"Brilho no currículo "
Fonte: Valor Econômico
Data: 27/02/2009
As salas de aula de escolas renomadas - direcionadas à educação executiva - vão abrigar, em 2009, alunos com interesses diferenciados daqueles verificados até setembro do ano passado, quando a crise financeira começou a dar os primeiros sinais de alerta ao mercado. Precavidos, os executivos têm hoje a percepção de que é preciso especializar-se mais e contar com várias alternativas no currículo para ter chances de se manter no trabalho, galgar outros postos ou, se for o caso, encontrar uma nova colocação.
Atentas ao momento, as escolas reveem disciplinas, formatam novos cursos e usam todos os métodos para identificar as necessidades dos alunos e do mercado. Os mais prevenidos não pensam duas vezes para colocar a mão no bolso e bancar, eles próprios, sua capacitação.

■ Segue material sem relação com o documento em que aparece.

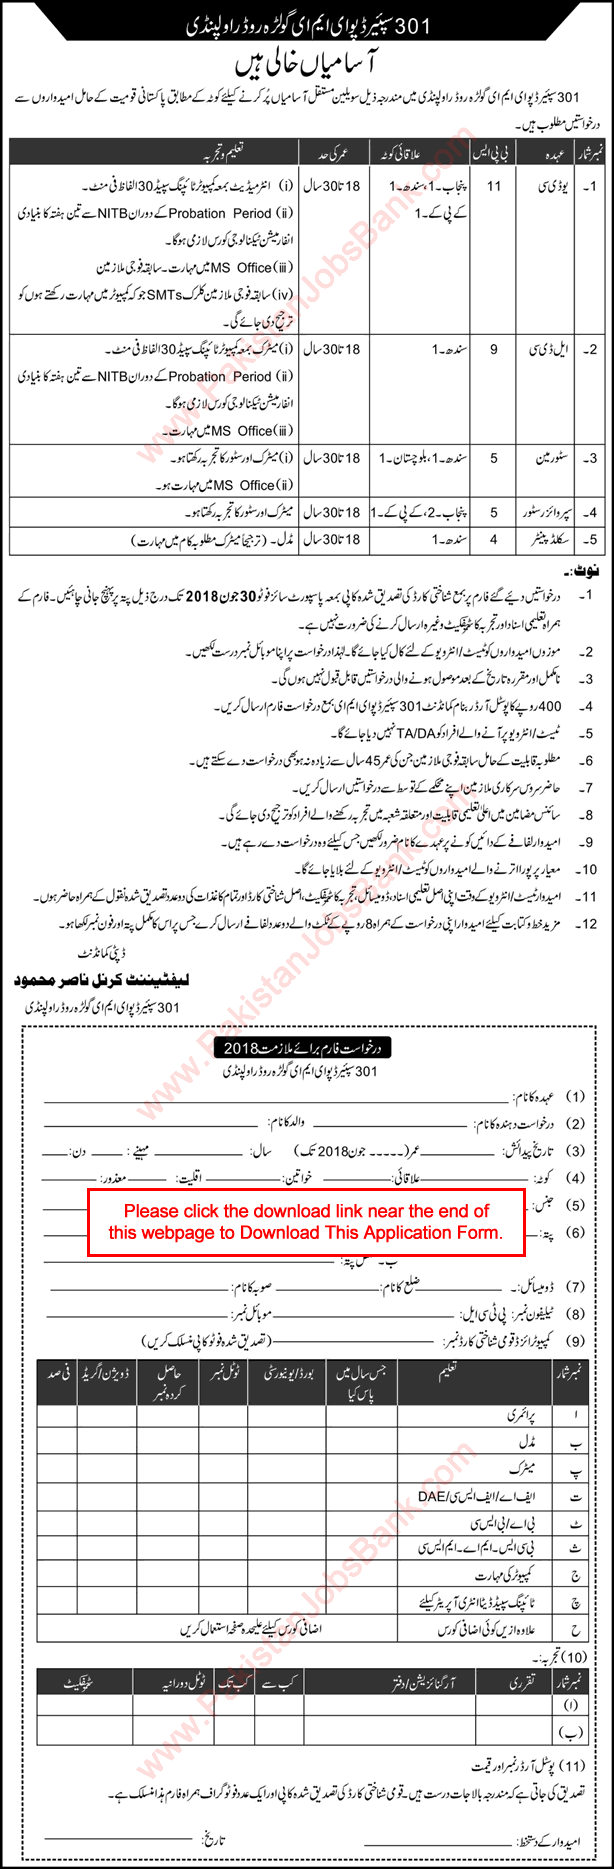 301 Spares Depot EME Rawalpindi Jobs 2018 June Application Form Clerks, Store Supervisors & Others Latest

Na outra ponta, os "head hunters" traçam estratégias mais adequadas para profissionais que precisam conquistar vagas e, para os que já estão no mercado, garantirem suas posições e até ampliar suas possibilidades. Os esforços são motivados pela percepção de que aqueles que tiverem criatividade e capacidade de enxergar oportunidades onde todos veem ameaças, podem ganhar com a crise.
"Quando a economia está bastante aquecida todos têm a sensação de que tudo está bem. Ao primeiro sinal de que algo vai mal, aumenta a concorrência por vagas que estão livres e aqueles que já ocupam cargos procuram capacitação para se destacar de forma geral", afirma Alberto Luiz Albertin, professor e coordenador de pós-graduação da Fundação Getúlio Vargas (FGV). Conceituada no mundo educativo e corporativo por seus cursos de pós-graduação e MBA, a FGV ainda não tem claro qual será a demanda desses profissionais, mas aposta que a procura pelos cursos crescerá ao longo de 2009.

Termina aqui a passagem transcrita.